International career^{‡}
- 2022–2023: Dominican Republic U17 / 4 / (0)
- 2022–2023: Dominican Republic U23 / 4 / (0)
- 2024–: Dominican Republic Olympic / 1 / (0)

= Francisco Marizán =

Dominican Republic footballer (b. 2006)

Francisco Miguel Reyes Marizán (born 28 March 2006) is a Dominican professional footballer who plays as a right-back for Eredivisie club Volendam and the Dominican Republic national team.

==Club career==
In July 2021, Marizán left Amsterdam-based AVV Zeeburgia for FC Volendam. He made his senior debut for Volendam's reserve team on 10 December 2022 in a 1–0 home loss to VV Katwijk in the third-tier Tweede Klasse.

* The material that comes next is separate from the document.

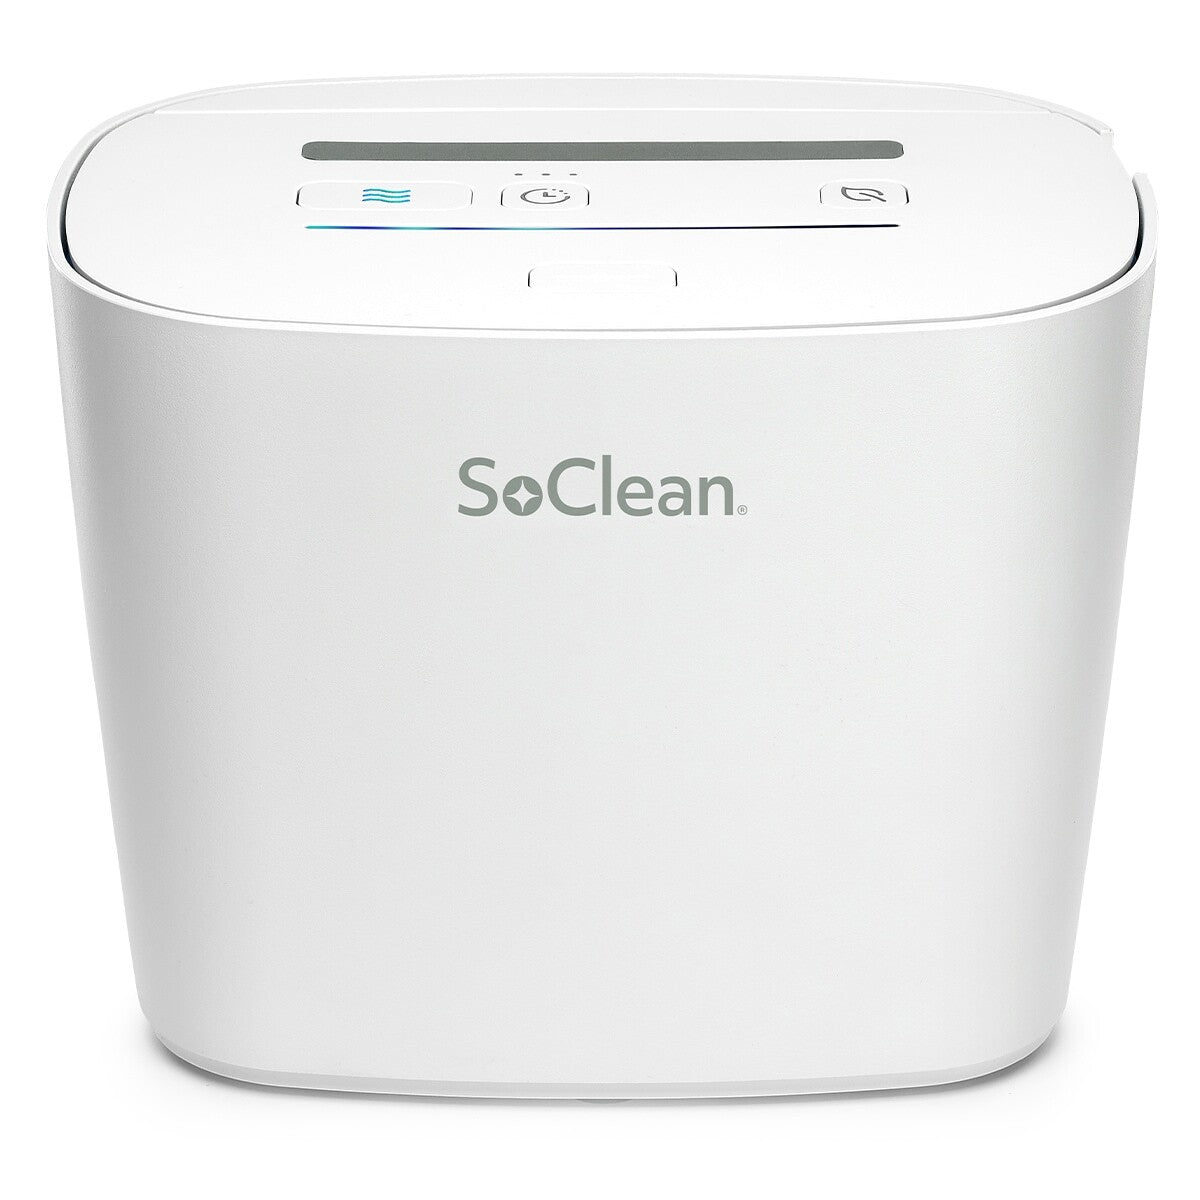 SoClean 3 CPAP/BiPAP Cleaner & Sanitizer (Includes Tubing Adapter)

On 3 September 2023 he made his first-team debut in the Eredivisie as an 70th-minute substitute for Deron Payne in a 2–0 loss to visitors FC Twente. He gave away a penalty kick, but it was revoked after video assistant referee review.

==International career==
Marizán is a dual national of the Dominican Republic and the Netherlands. In August 2022, he was called up by the Dominican Republic national under-17 football team for qualifiers for the 2023 CONCACAF U-17 Championship. He was chosen in the under-23 team for the football event at the 2024 Summer Olympics, aged 18.